Samantha went straight to the police. The silly bitch "mistress" went to prison. Glad you stopped posting. Ridiculous drivel.
The first three chapter were good. Then, it turns into a creepy transexual horror story. Luke tosses out Lelia for having sexual relations with Sean and now is OK with swinging. Lelia is bored with Luke after three years? Chapter 4 just doesn't connect to the previous three.
Good enough story until this chapter. Down the rabbit hole for sure.

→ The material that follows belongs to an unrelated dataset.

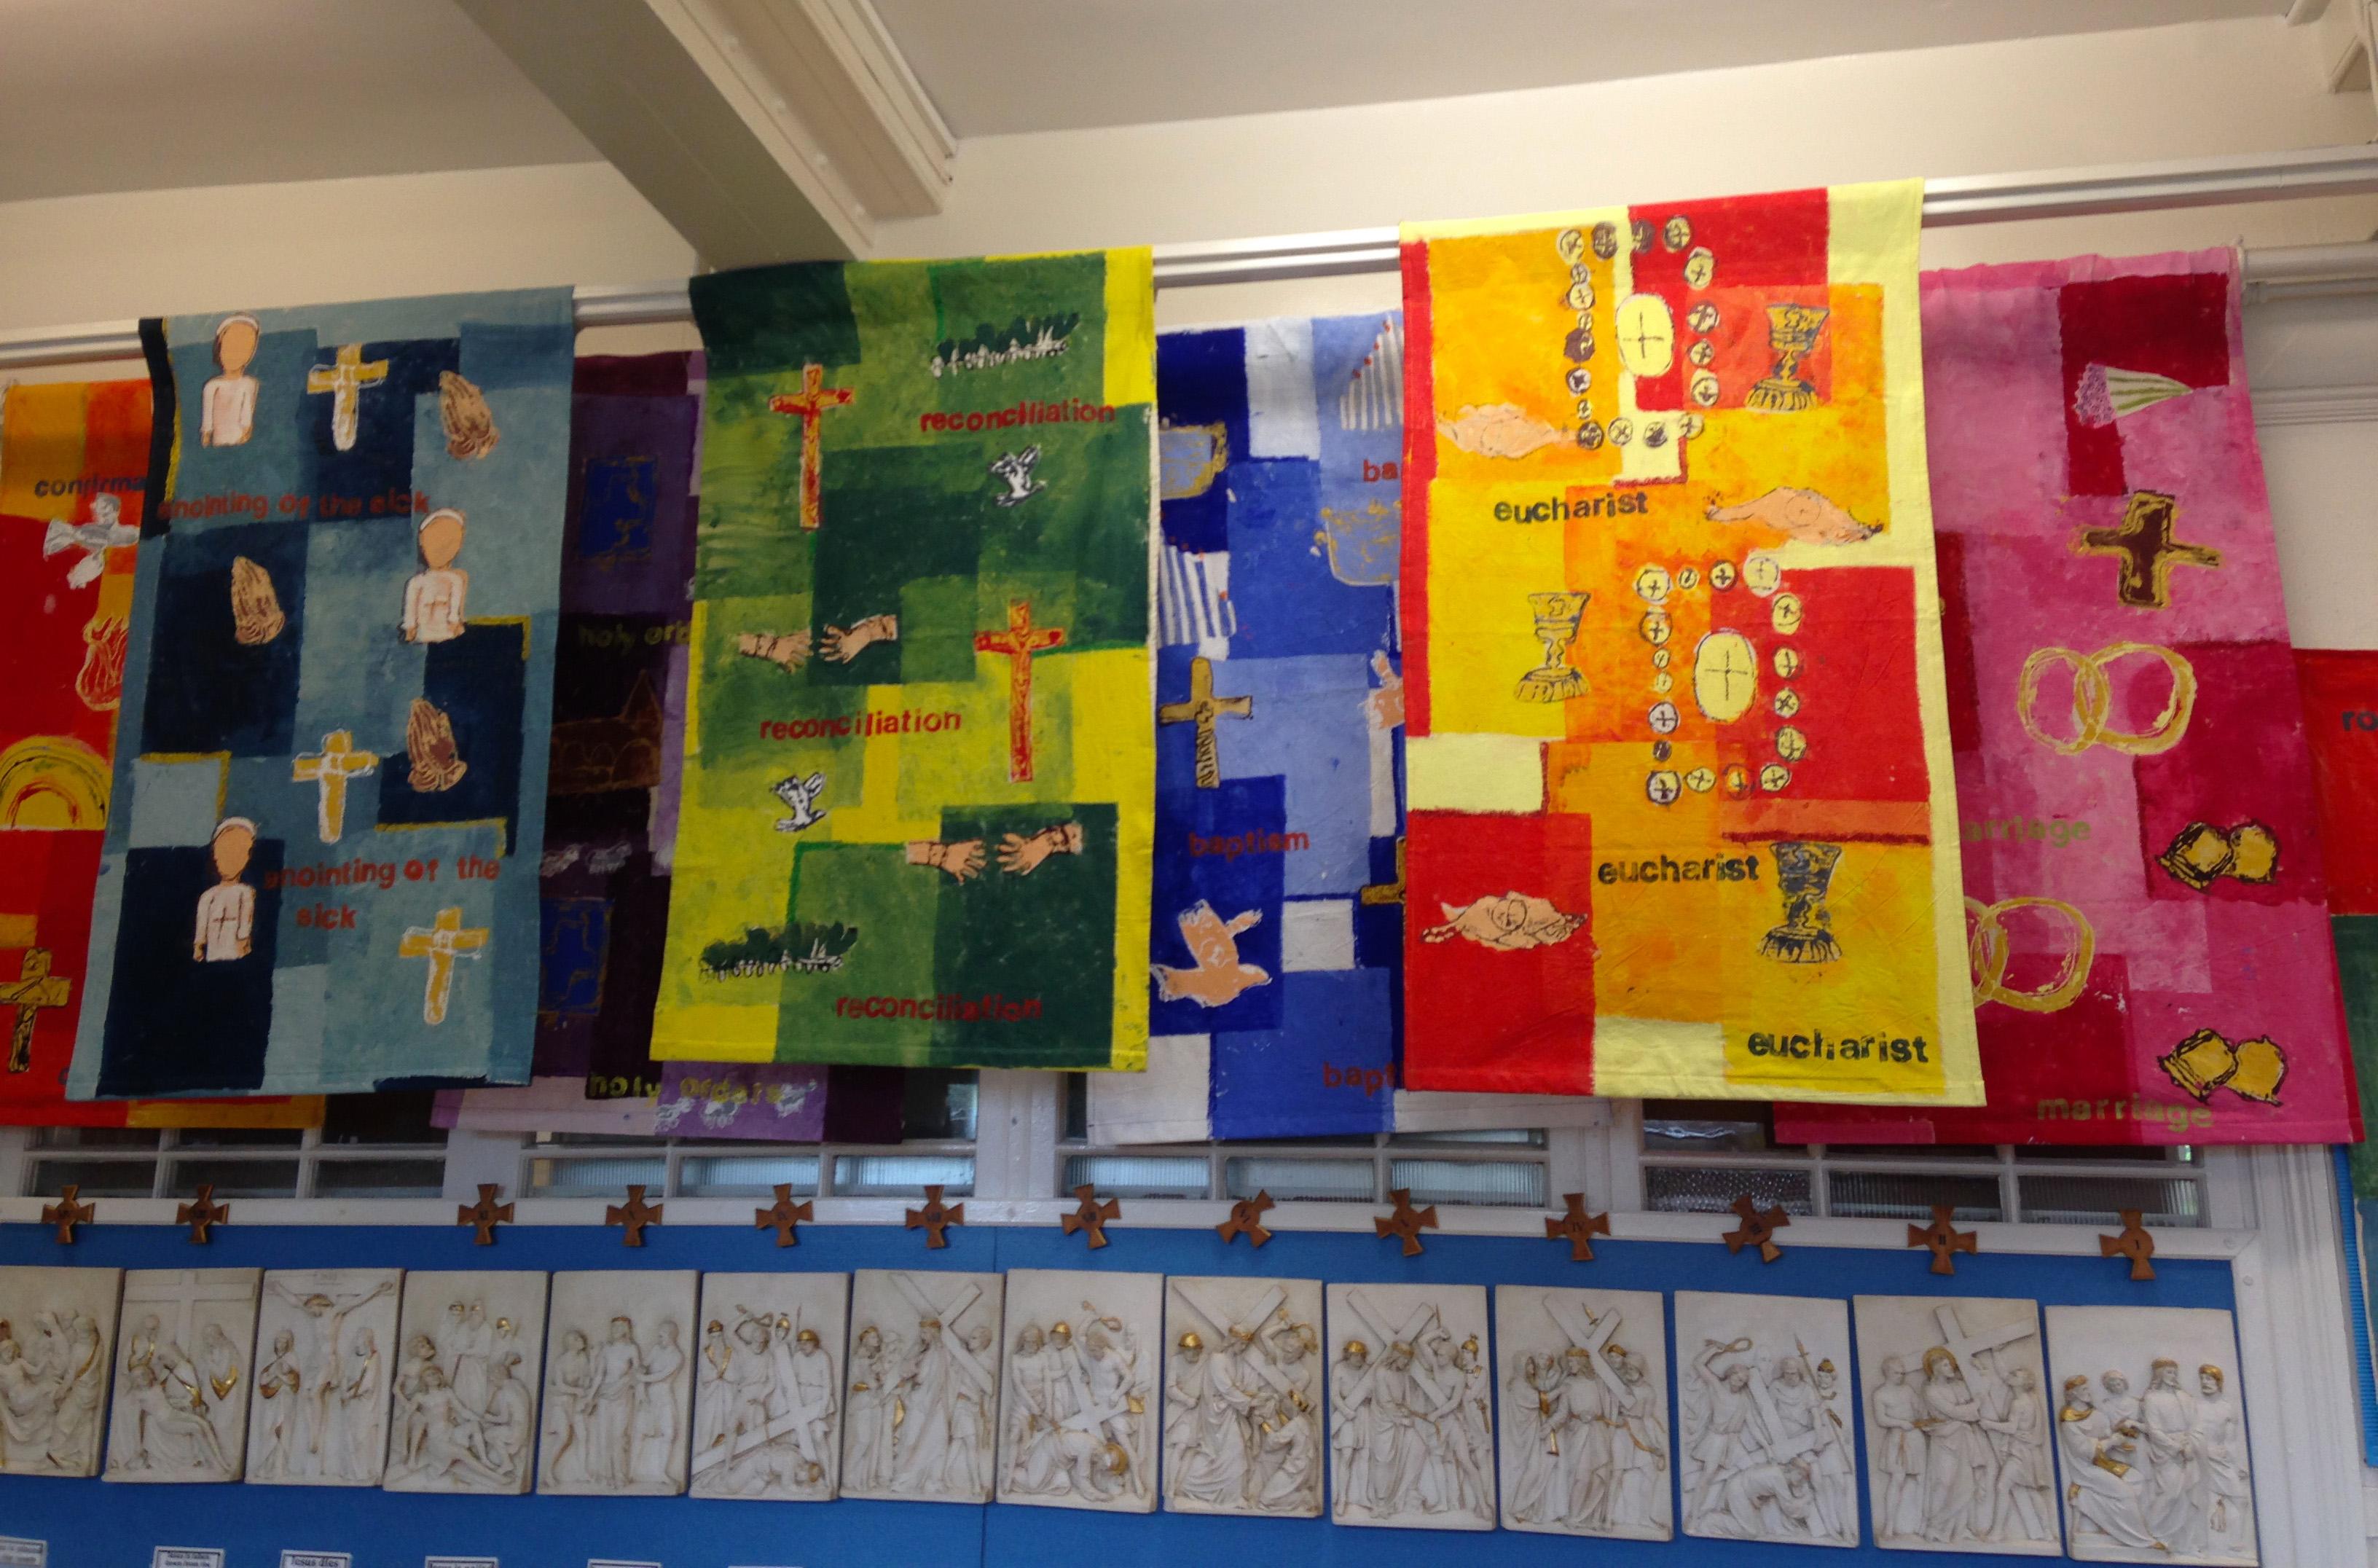 7 Sacrements - Wall Hangings

The first three chapters were not too bad. A little simplistic maybe, and very formulaic. But not bad. The fourth chapter was off the rails, in my opinion. And judging by his description of its use, the author obviously doesn’t know jack shit about “det cord”. I realize it’s fiction, but if you’re going to describe a tool, you shouldn’t call it a hammer and make it function like a crescent wrench. I’m just saying, at least keep it believable.
The first three were good, but you're off my area of interest now. Thanks, but I'm out.
All of this shit for him to share her, really????
This story went south from that point. I can see why it was never continued.
Score has plummeted from that point.
It is now 2/5
sucks as usual. stopped reading early on.
Note:
Woman is singular;
Women is plural...
FACT: NONE of them were good!
Being ex military I found the story to be absurd but it was a great fantasy read.